In this study, a neural network classifier [22–24] was used to segment tumors from 3D CT liver images in the portal phase. Specifically, our whole segmentation framework consisted of two components (Figure 1): (1) liver segmentation and (2) tumor segmentation from liver region. We adopted [22] to conduct liver segmentation, and combined [23] and [24] to segment tumor from liver region. In the first step, the liver region was identified by threshold method based on intensity analysis and anatomical knowledge [22]. We formulated the intensity distribution of CT images as a Gaussian mixture model with two components that represented liver region and nonliver regions, respectively. A large middle slice of liver was firstly segmented by a CT radiologist manually. Then, the intensity range of the liver region was estimated by analyzing the statistical parameters of the Gaussian mixture model using expectation-maximization algorithm in this slice. The estimated intensity range was then used to threshold the images for liver segmentation. In order to discard components with a similar intensity as that of liver, we further refined the liver segmentation by keeping the largest connective region while discarding other regions based on the anatomical knowledge. And a morphological closing operation was performed to remove small holes in the segmented liver region.

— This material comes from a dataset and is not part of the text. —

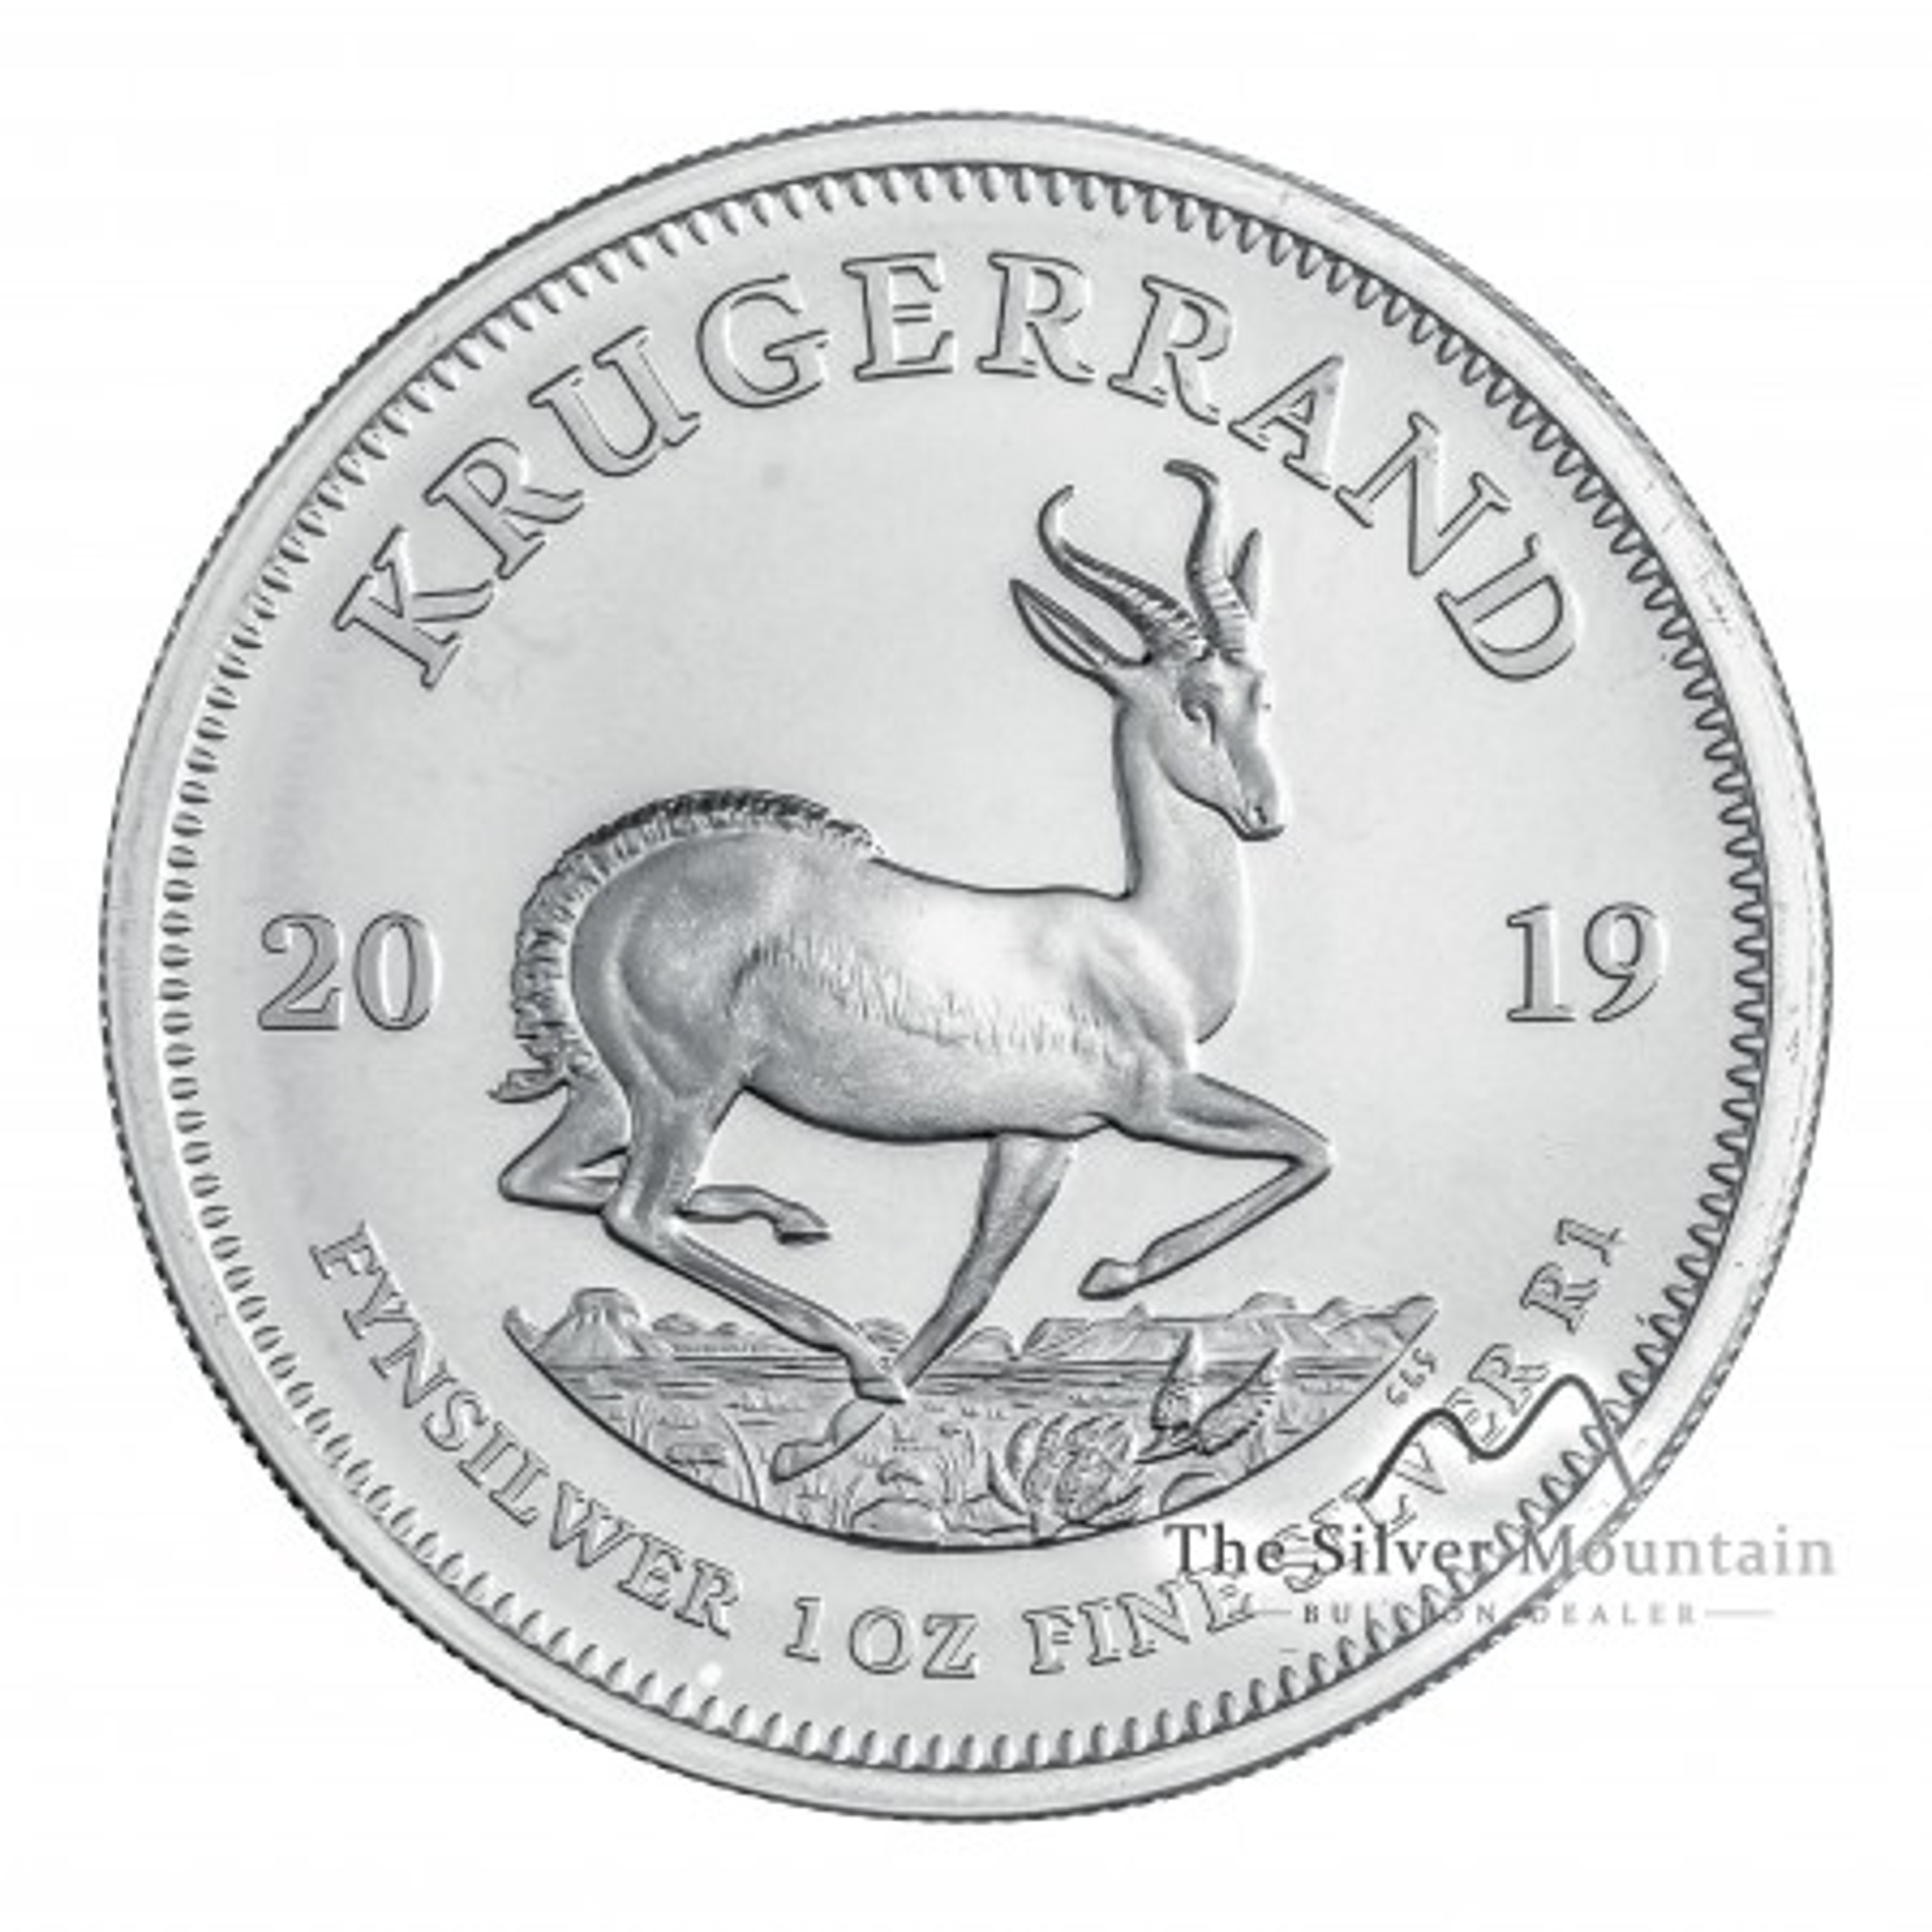 1 Troy ounce zilveren munt Krugerrand

Then, in the second step, within the segmented liver region, a backpropagation neural network-based classification method was employed to segment the tumors based on a series of grayscale co-occurrence features and statistical features [23, 24]. The backpropagation neural network consisted of four layers, that is, one input layer, two hidden layers, and one output layer, which was trained using eight sets of CT liver images. For each voxel in the liver region, we extracted the statistical features and co-occurrence matrix-based features (e.g., average intensity, entropy, contrast, correlation [23]) within its 11 × 11 × 11 neighborhood. These features were then fed to the backpropagation neural network for classification of the voxel as tumor or nontumor. Then, morphological closing and opening operations were performed to remove small holes and small noises, respectively. Finally, the tumor segmentation results were further refined by a CT radiologist.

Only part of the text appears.